═══ Supplied material ═══

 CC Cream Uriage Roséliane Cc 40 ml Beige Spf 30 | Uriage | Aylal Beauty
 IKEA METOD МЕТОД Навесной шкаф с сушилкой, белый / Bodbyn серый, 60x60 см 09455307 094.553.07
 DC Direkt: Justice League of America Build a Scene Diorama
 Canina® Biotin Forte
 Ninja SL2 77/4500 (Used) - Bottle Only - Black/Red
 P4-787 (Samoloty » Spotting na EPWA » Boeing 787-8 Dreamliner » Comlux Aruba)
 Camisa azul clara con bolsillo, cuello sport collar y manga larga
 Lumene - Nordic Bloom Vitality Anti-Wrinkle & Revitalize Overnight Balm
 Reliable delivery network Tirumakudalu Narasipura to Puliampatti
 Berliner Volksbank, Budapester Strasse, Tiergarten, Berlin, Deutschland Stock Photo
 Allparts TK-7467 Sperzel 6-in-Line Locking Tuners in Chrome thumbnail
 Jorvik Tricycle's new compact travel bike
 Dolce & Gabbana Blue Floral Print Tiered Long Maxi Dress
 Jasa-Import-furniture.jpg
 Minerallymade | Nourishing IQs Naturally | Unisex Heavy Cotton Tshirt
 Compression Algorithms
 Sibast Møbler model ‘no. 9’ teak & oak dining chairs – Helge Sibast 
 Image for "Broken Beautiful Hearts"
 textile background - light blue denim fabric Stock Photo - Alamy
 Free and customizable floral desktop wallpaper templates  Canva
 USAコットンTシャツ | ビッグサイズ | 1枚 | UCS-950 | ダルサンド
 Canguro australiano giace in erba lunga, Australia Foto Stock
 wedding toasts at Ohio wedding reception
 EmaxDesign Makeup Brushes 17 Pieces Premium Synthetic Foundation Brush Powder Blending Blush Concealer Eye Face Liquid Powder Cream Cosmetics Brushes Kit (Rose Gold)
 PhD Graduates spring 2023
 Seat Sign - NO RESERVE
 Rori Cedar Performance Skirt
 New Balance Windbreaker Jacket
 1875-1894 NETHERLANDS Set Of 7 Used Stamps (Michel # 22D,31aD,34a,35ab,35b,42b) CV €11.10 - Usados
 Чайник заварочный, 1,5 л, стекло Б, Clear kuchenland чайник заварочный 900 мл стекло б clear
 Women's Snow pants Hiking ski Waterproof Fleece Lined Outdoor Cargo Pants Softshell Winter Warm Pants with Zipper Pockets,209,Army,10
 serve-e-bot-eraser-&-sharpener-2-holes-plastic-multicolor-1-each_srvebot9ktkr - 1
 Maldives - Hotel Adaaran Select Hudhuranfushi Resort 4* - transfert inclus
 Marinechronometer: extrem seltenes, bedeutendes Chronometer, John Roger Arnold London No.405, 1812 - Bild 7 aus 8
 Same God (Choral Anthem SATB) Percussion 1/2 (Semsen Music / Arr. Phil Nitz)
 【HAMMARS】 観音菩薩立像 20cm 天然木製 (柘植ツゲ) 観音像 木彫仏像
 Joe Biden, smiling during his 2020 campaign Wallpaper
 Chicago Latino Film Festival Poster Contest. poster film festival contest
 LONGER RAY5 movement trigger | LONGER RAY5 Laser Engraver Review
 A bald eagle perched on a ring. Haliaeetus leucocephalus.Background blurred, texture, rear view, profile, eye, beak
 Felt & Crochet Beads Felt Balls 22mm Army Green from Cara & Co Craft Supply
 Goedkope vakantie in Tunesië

═══

What you should do: Exactly the lines from the one with "Chicago Latino Film" through the final line of the entries are to be returned, both ends included.

Answer for this exercise:
 Chicago Latino Film Festival Poster Contest. poster film festival contest
 LONGER RAY5 movement trigger | LONGER RAY5 Laser Engraver Review
 A bald eagle perched on a ring. Haliaeetus leucocephalus.Background blurred, texture, rear view, profile, eye, beak
 Felt & Crochet Beads Felt Balls 22mm Army Green from Cara & Co Craft Supply
 Goedkope vakantie in Tunesië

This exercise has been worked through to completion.